Día 42

Todos te miran. Son segundos, instantes en los que percibes pinchazos en tu nuca. Notas los gestos furtivos cuando te giras en un movimiento inesperado. El ruido en la calle. Aquí solo hay silencio, nadie habla, todos tienen miedo. Tú tienes miedo. La historia vuelve a repetirse.

—Ana.

La niña salió de su escondite cuando escuchó los gritos de Salva y Pedro en la calle. No quiso responderte a ti, pero a ellos les brindó una señal, una ráfaga de luz que les indicó el camino correcto.

Le das miedo, se asusta cada vez que intentas acercarte a ella. Compruebas que mantiene su gesto serio y su mirada fría. Cuando vuestros ojos se cruzan algo se estremece en su interior.

—Estamos a menos de cuatro horas de la finca. Si uno de nosotros consiguiera llegar hasta allí arrastrando a los muertos podríamos enfrentarnos a ellos desde dentro.

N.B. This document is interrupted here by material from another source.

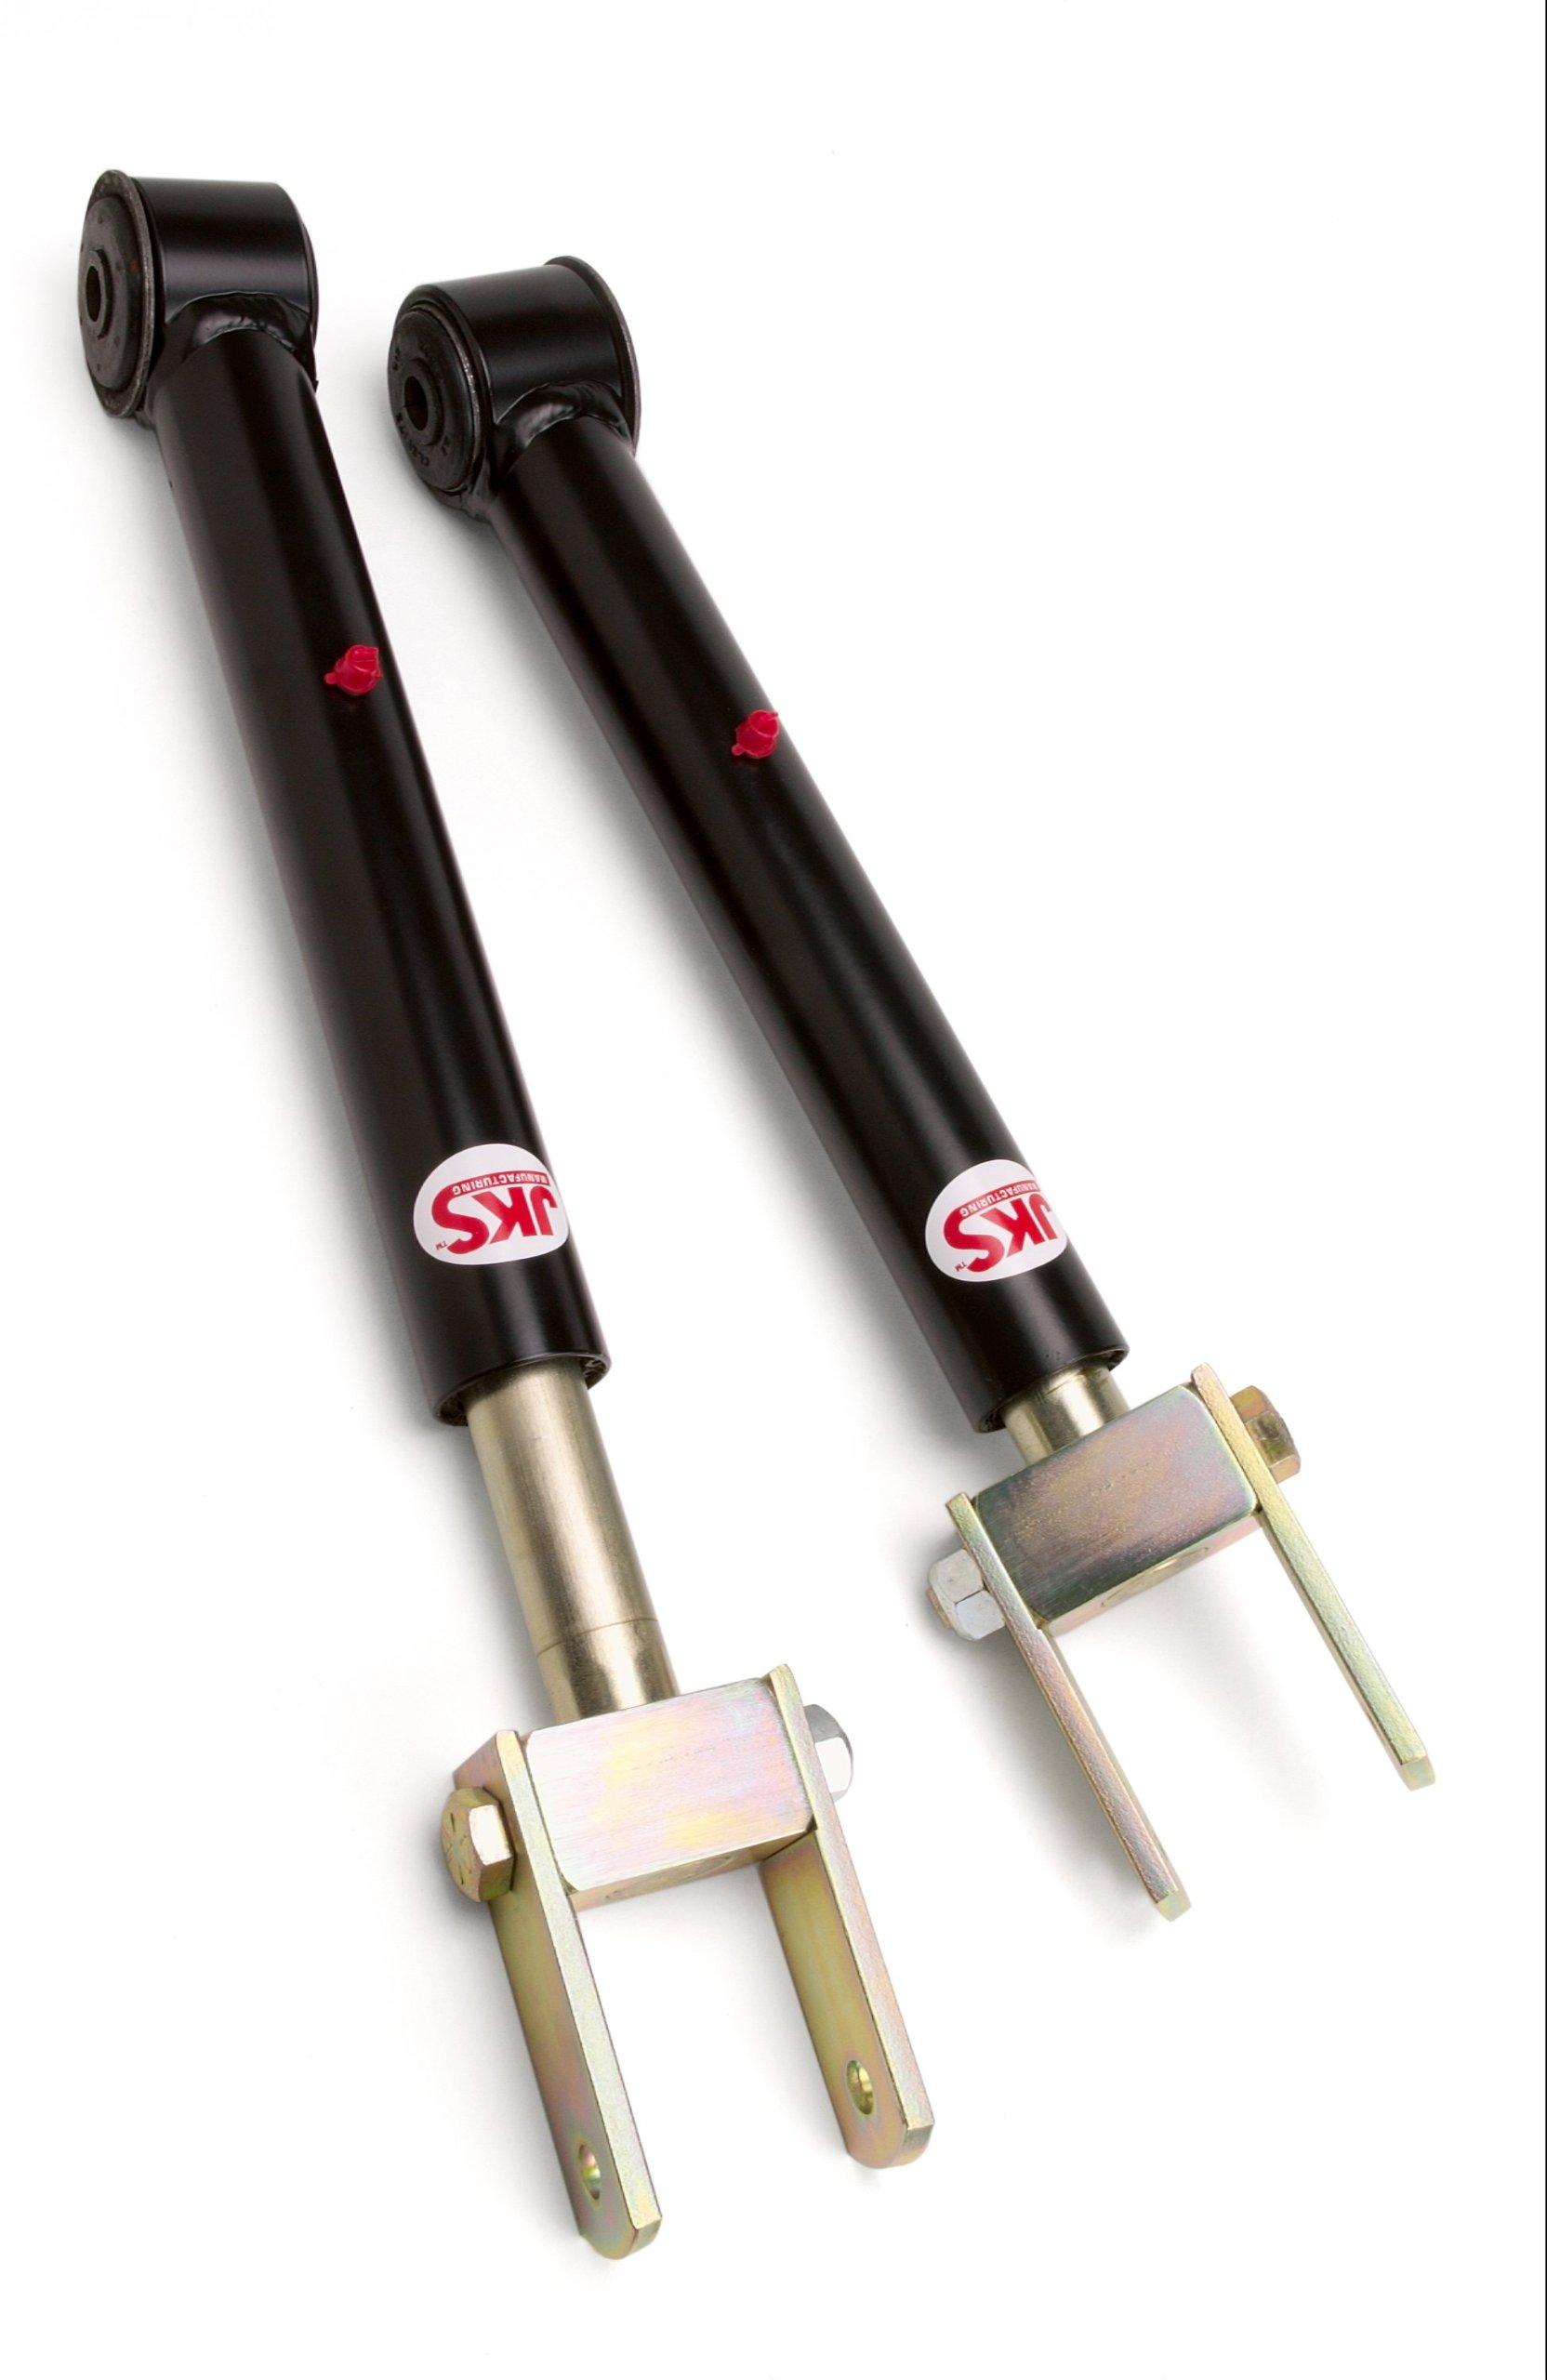 JKS 7100 Control Arm by JKS (Image #1)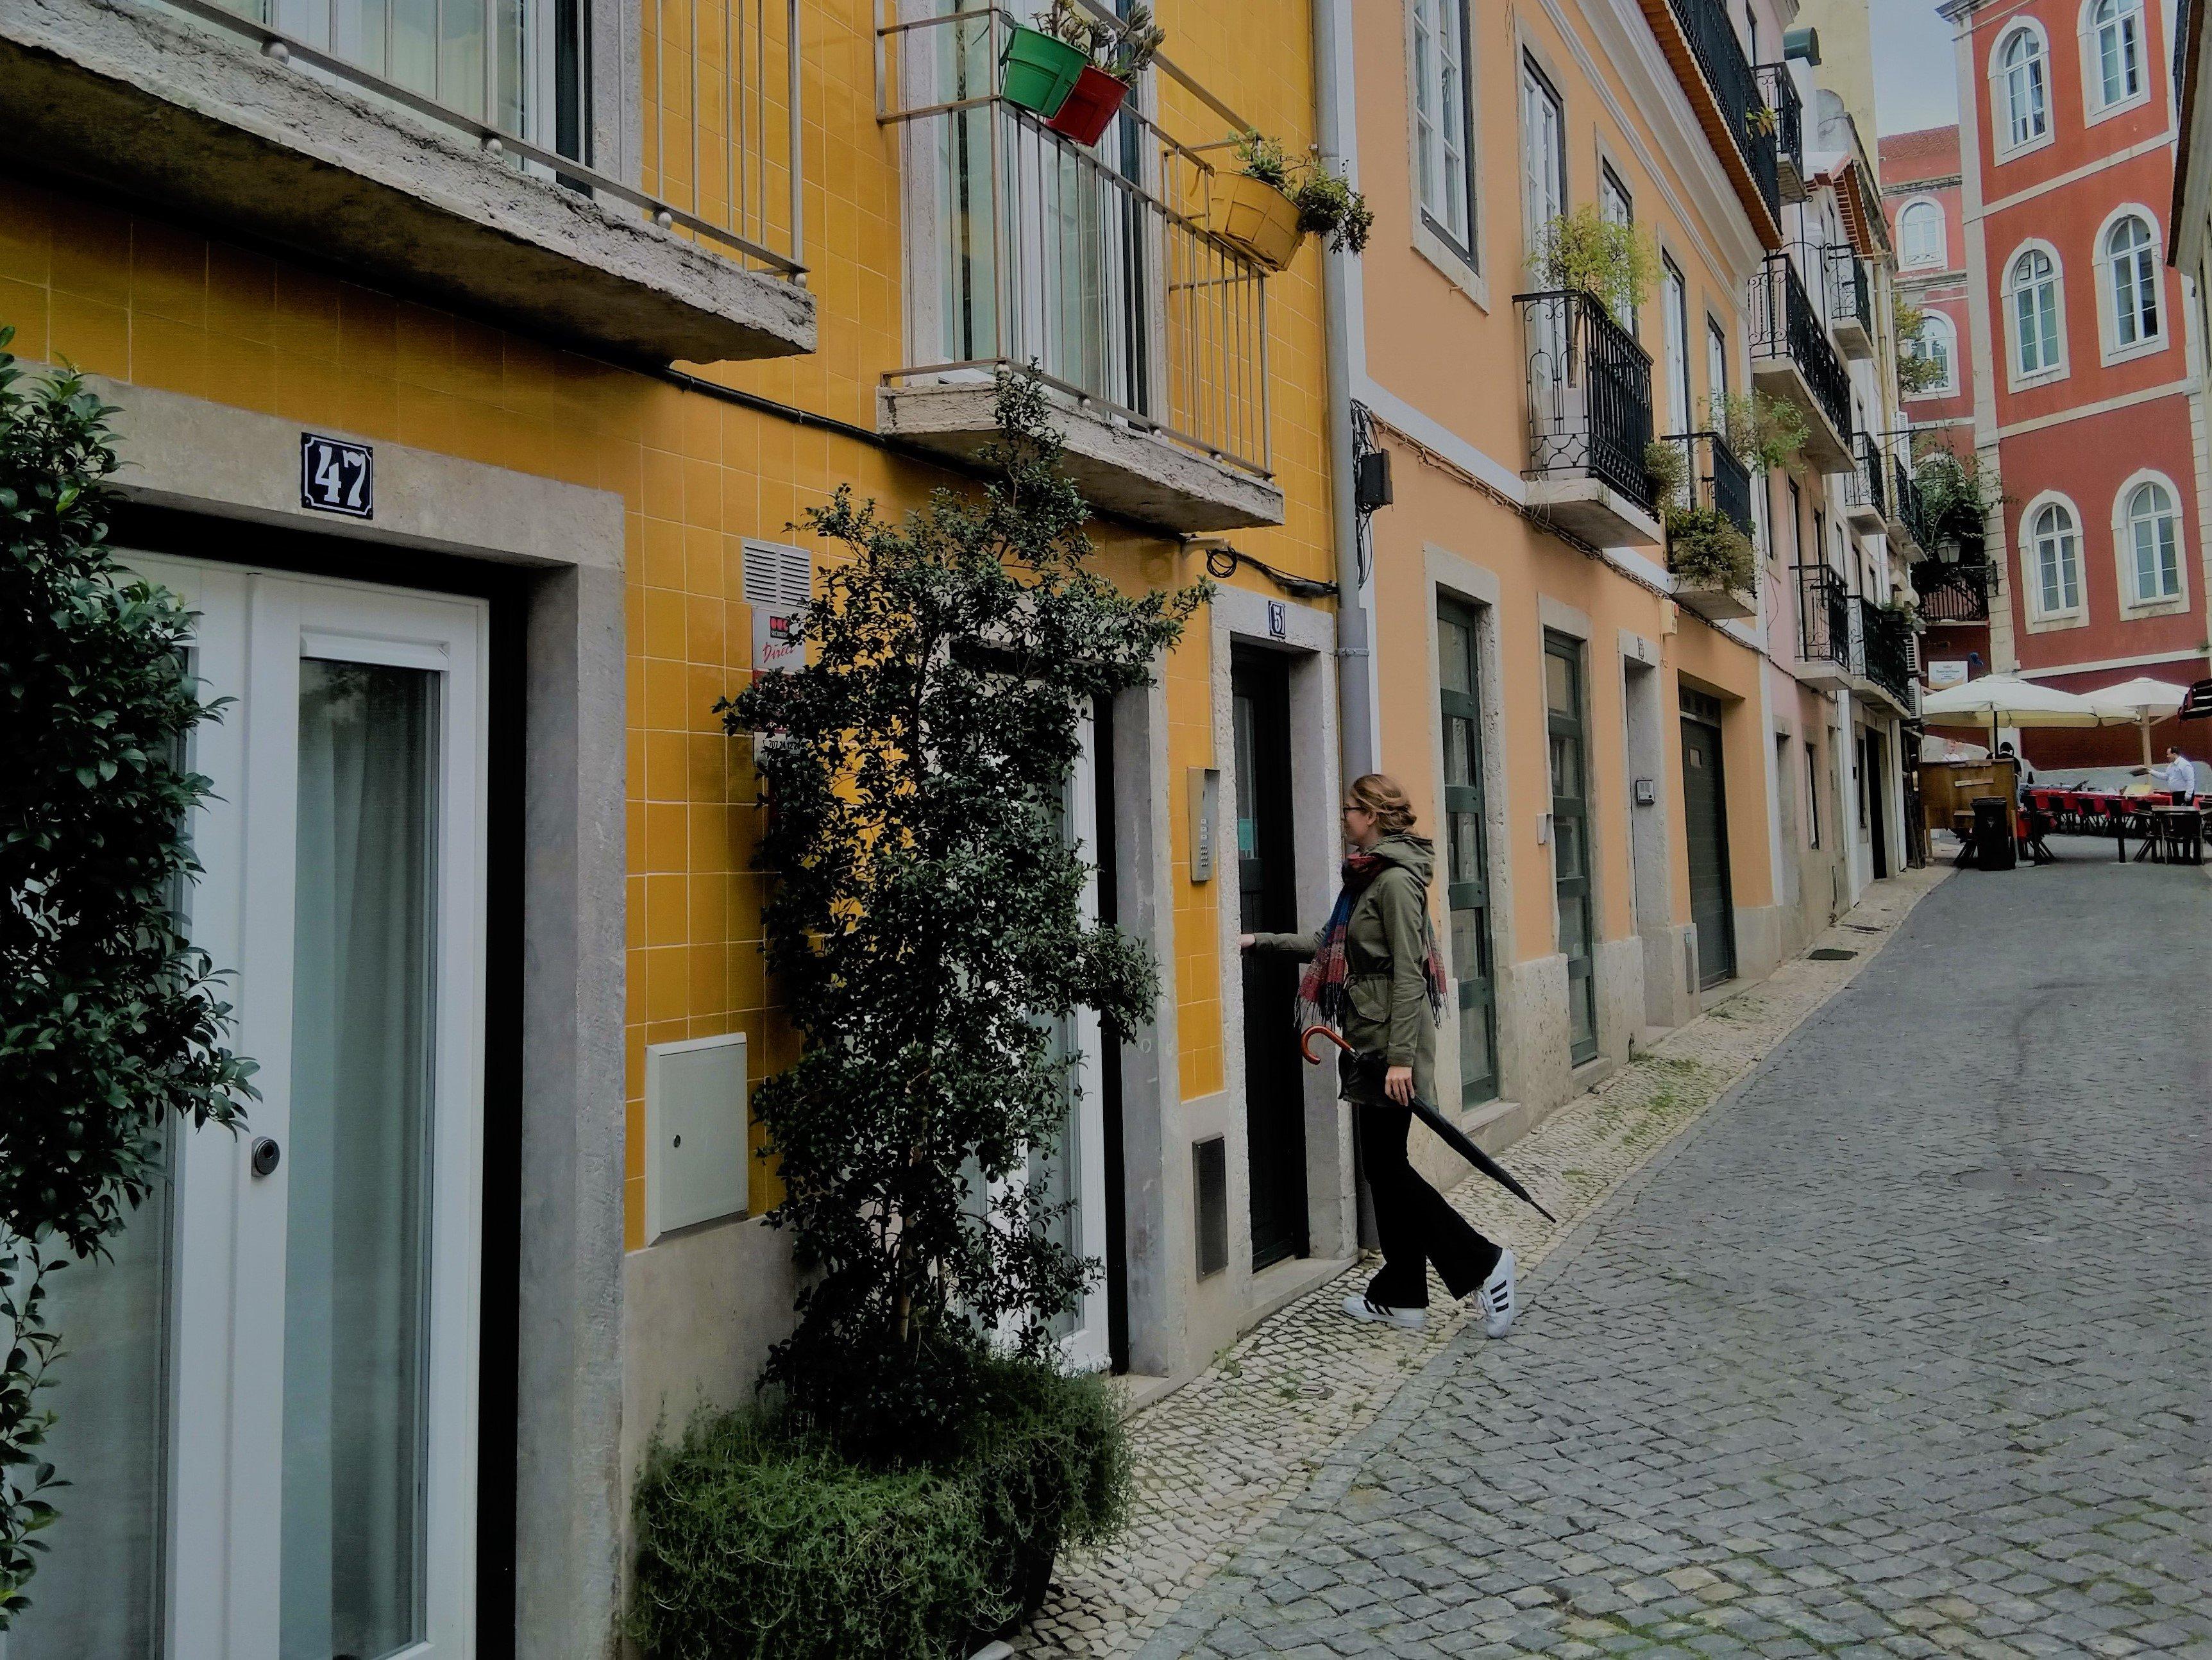 Een lagere risico opslag LTV hypotheekrente

Nuestro complejo es una pequeña fortaleza.

El hombre que habla lo hace con dificultad. Tiene heridas en el rostro y sangre en la ropa. Lleva varias horas sentado en un sillón, con los pies inmóviles por culpa de la paliza que le diste anoche. Juan te evita, te aparta de la manada. Pedro tiene ganas de verbalizar lo que pasa por su cabeza.

—Si tuviera un coche que funcionara yo lo haría encantado. Pero esta barriga me impide pegarme esas carreritas.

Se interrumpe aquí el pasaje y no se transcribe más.